31 Nights of Horror - Night Thirty: Suspiria (1977)

Dario Argento's Suspiria is my favorite horror film of all time. It is a fine work of art that transcends its time and it is as much a feast for the eyes as it is the psyche. It is a film that grips you by the throat and never lets you go until the very end...when you are gasping for your breath. There is no film like it that both haunts you and mystifies you with its sheer beauty.

Suspiria is about a young American girl named Suzy Bannion, played by the lovely Jessica Harper, who travels to Germany to attend a famous ballet academy where she eventually learns that the school is really a front for an evil coven of witches hellbent on death and destruction. It's funny because as simple as the plot really is, critics always try to dissect the film and pan it as incoherent. It is not incoherent...the plot within the film is merely a simplistic backdrop to the real spectacle....Argento's fine craftsmanship and dedication to his sick vision. It's as if he cut open his skull and let you look inside as he bleeds out his technicolor soul all over you.

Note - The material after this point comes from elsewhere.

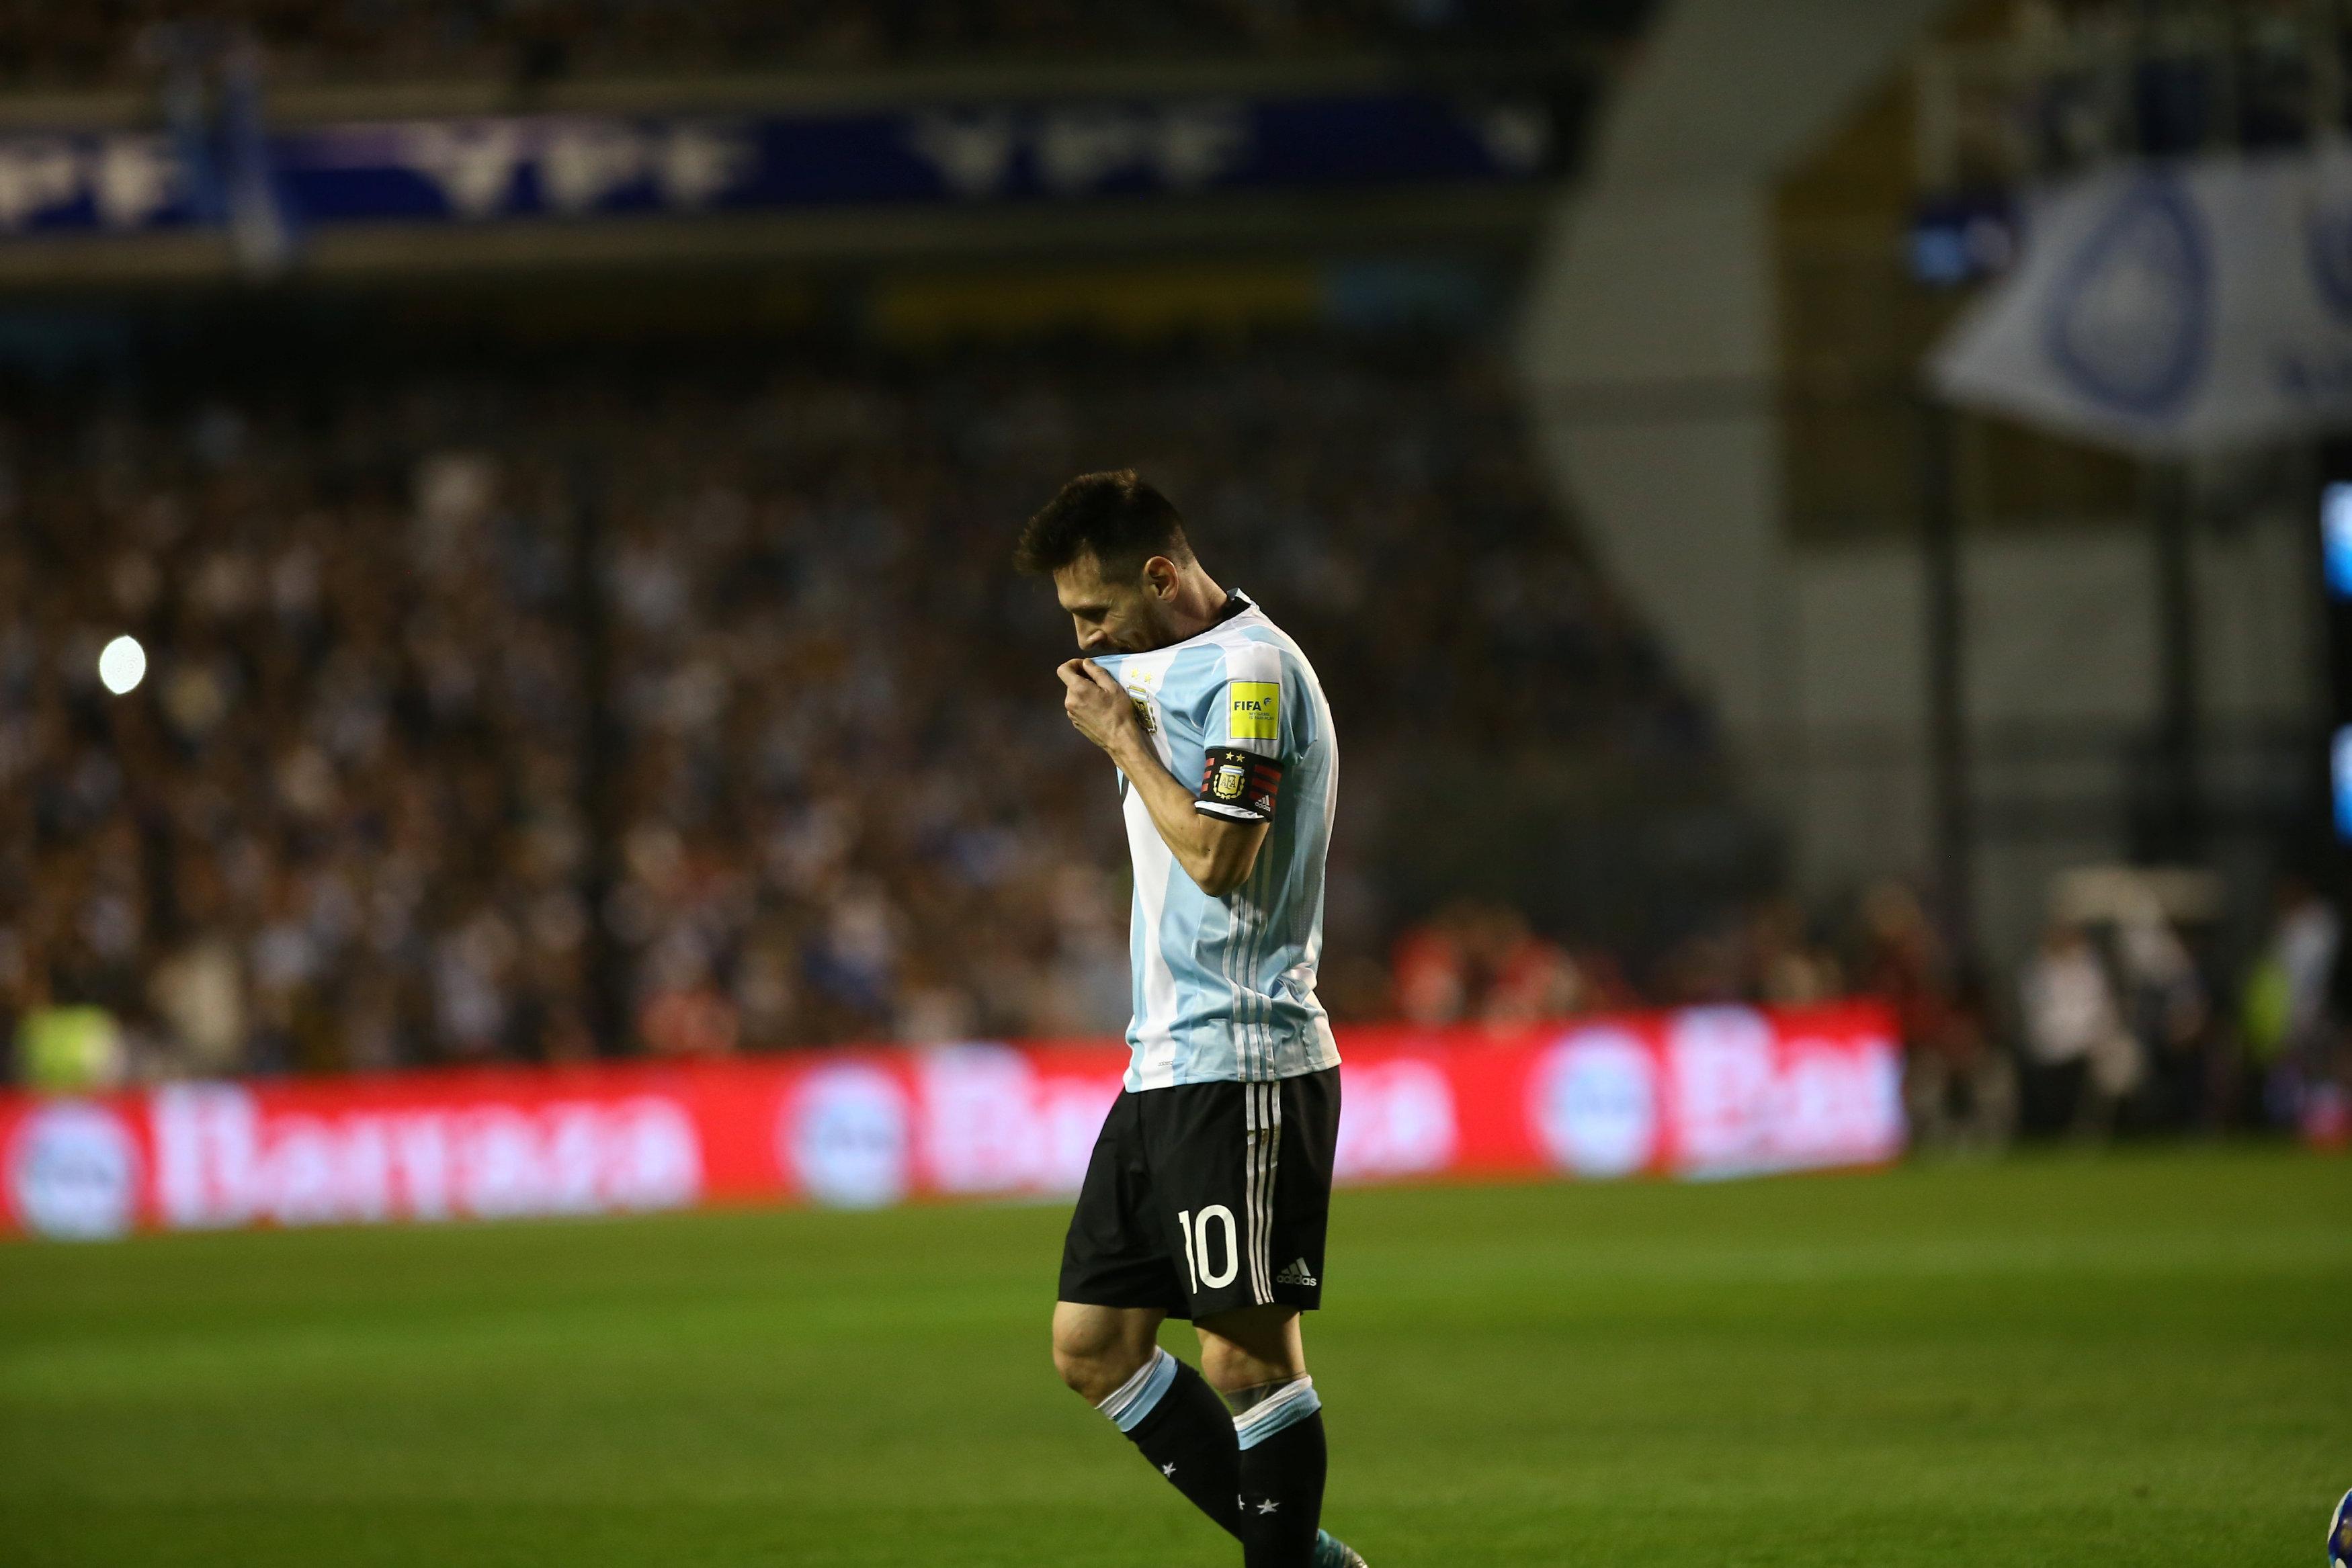 Mondial 2018 l 39 argentine au bord du gouffre le chili respire russie 2018 coupe du monde - Coupe du monde 2018 football ...

Suspiria is the first of "The Three Mothers" trilogy by Argento followed by the awesomely craziness of Inferno and culminating with the absolutely mind-scattering battiness of Mother of Tears. It's the best film in the trilogy and if it were not for the universal appeal of the terrorfying next film, Suspiria would have stood on the top of this 31 Nights of Horror list.

The music is just as beautiful and frantically disorienting as the film. Supplied by Argento's long time soundtrack architects, Goblin, it is the kind of sonic landscape that crawls under your skin in a nightmarish fashion. Blending seamlessly with the film, it makes it such a powerfully haunting experience.

While the acting and the plot scheme really isn't the stuff that Academy Awards are made for, it is important to view Suspiria as an entire piece. It really is a beautiful film in every regard and it never ages. There is a scene very early on where Suzy (Harper) notices a young blonde girl, played by Eva Axen, fleeing from the academy in a frightened manner. The girl, whose name in the film is Pat Hingle, ends up finding sanctuary at her friend's apartment where a hanging and an impalement is in order for the two victims. As that particular scene comes to its ghastly conclusion it ends on a truly immortal shot of Hingle hanging in the lobby of the apartment building that goes down as one of the most memorable scenes in horror film history and pretty much sets the tone for the rest of the film.

I love Suspiria to death and have always found something new in every viewing. I must have watched it like 100 times by now. It's a gorgeous journey into the macabre and a perfect treat for this Halloween.